Compared to other genres, I actually think shooters (not fps) have one of the highest ratios of fun-to-flops.
I've gone through (or at least tried out) nearly every genesis game, and quite a huge number of NES and SNES games, the dominant systems of that era. I'd say at least 1/3rd of the shooters are quite fun, with many high quality, and a few additional that are worthy based on some feature. And they aren't all made by the same companies.
In contrast, side-scrolling action platform games continued to dominate the market for a long long time, and the vast majority of them are just junk. Besides the excellent mario and Sonic games, there's very few worthy of recognition. Earthworm Jim, Cool Spot, and Kirby are a few off the top of my head (all excellent too). Even Disney churns out crap (except for Aladdin). I can't believe how many walk-across-the-screen and jump and punch/slash people games I've tried that are just garbage. I can't believe anyone paid 50$ for them!
Of course side-scrollers kinda slowed down at the same time as shooters (saturn/ps1 era) due to the sudden need for 3D graphics. Shooters got taken over by sim shooters (3D flying/shooting), and side-scrollers got taken over by 3rd person adventure games (which still plague us 10 years later with their awful camera angles and questionable gameplay).

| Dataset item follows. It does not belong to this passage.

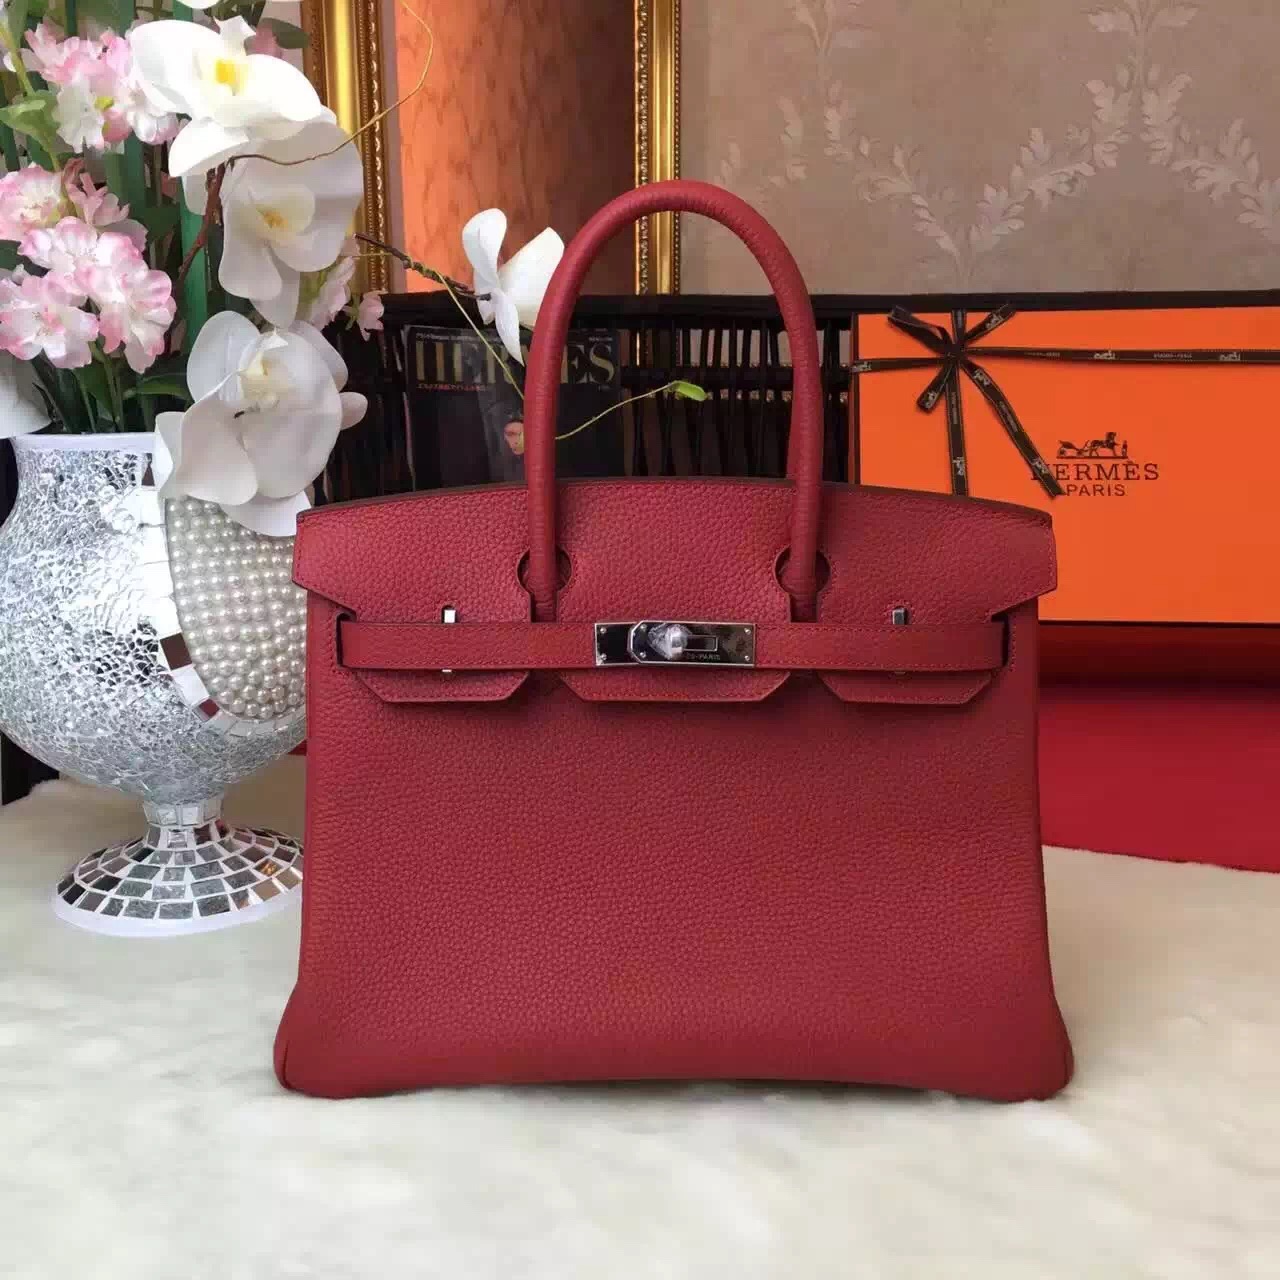 Hermes wine top leather Birkin handbags

Fighters did actually seem to mostly remain fairly high quality (except some notable highly marketted crap like rise of the robots) once they got off the ground. Initial fighters with none or only the standard 4 moves were rather boring in my opinion (including the first street fighters). Somehow 4 moves just isn't enough. Once you master them, you just end up launching fireballs the whole game and it gets boring. Once MKII and EC came around (for me anyway, others could have been first), they upped the anti with many useful special moves per character and amusing deaths that kept you playing to hope to see one. And these games still go strong in my opinion, but are unfairly outmarketted by 3D fighters.

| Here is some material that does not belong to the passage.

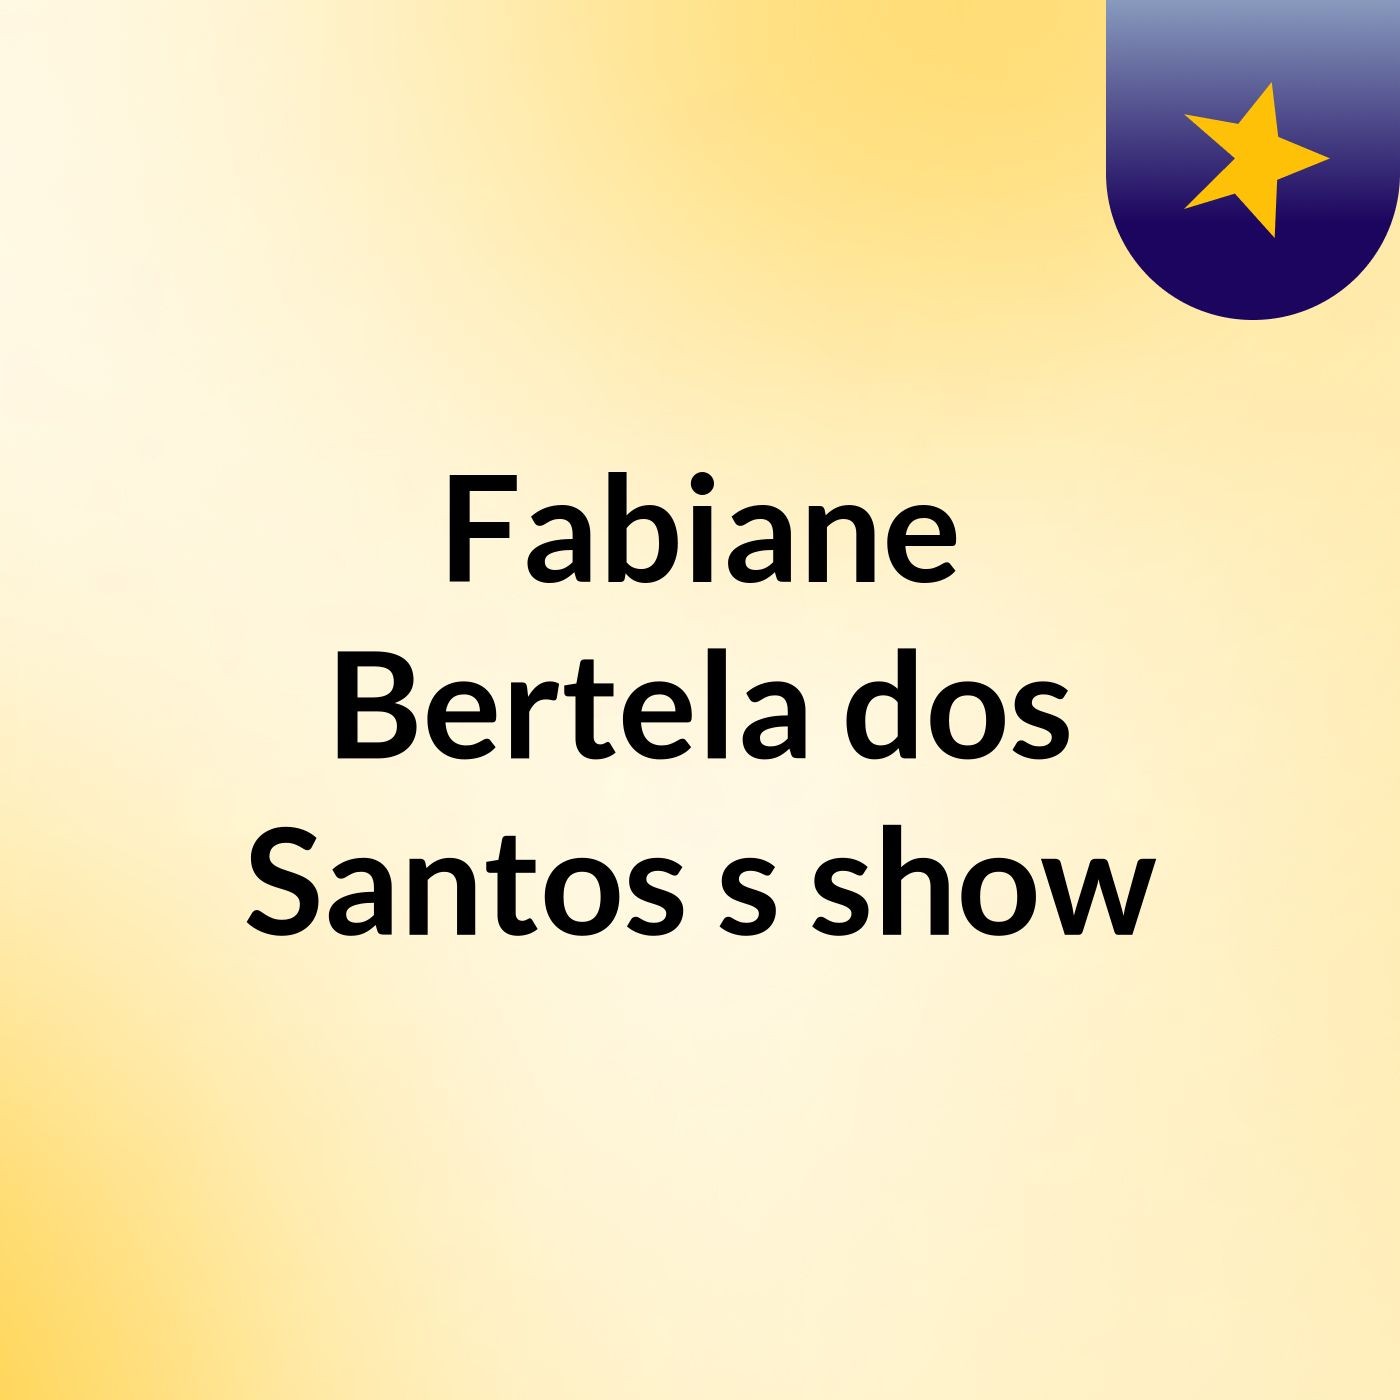 Fabiane Bertela dos Santos's show

I think 3D fighters, while they have great graphics and tons of moves, all started to blend together almost from the onset. The characters and moves and gameplay just seem all alike on all of them. And mapping textures onto limited polygons just isn't as artistic as hi-res sprites. You'd think that 3D fighters would have had a crash 5 years ago, but nope. We're on MK15, VF5, Tekken 23, etc. They should just start naming them after the year now. Actually, named after the next year.
Which brings me to another thought, but that's for another thread.
But anyway, maybe it's just because shooters are so simple, it's easier to make one not suck. You just need some interesting bosses, cool weapons, and a smooth scrolling background, and you're in business. Some of the ones I've played that are bad, you'd think they had to try to make it this bad on purpose.
But I take that back. I've played many games that have all three of those features, but they're still just not fun for some reason you can't lay your finger on. There's some gameplay aspect with how fast and in what patterns the enemies come at you, and how fast your ship moves. Level design that's more than just graphics that's required to make the gameplay fun.
The truth is, I didn't like shooters at all back in the early 90s. It wasn't until my college sega rebirth that I became obsessed with them. Back in the 90s, I only wanted 3D, because it was rare and exciting. 2D wasn't exciting. When I looked at the back of the box for a 2D shooter, it looked like a flat playing field with little vehicles. I used to play 1942 on NES, and I used to think it was good (what the hell were we thinking?). But I didn't want NES games on my Genesis. I wanted the 3D bonus levels of Sonic 3, virtua racing, Ballz, and the 3D stuff on the CD and 32x.
3D caused the shooter crash, not the quality of shooters, in my opinion.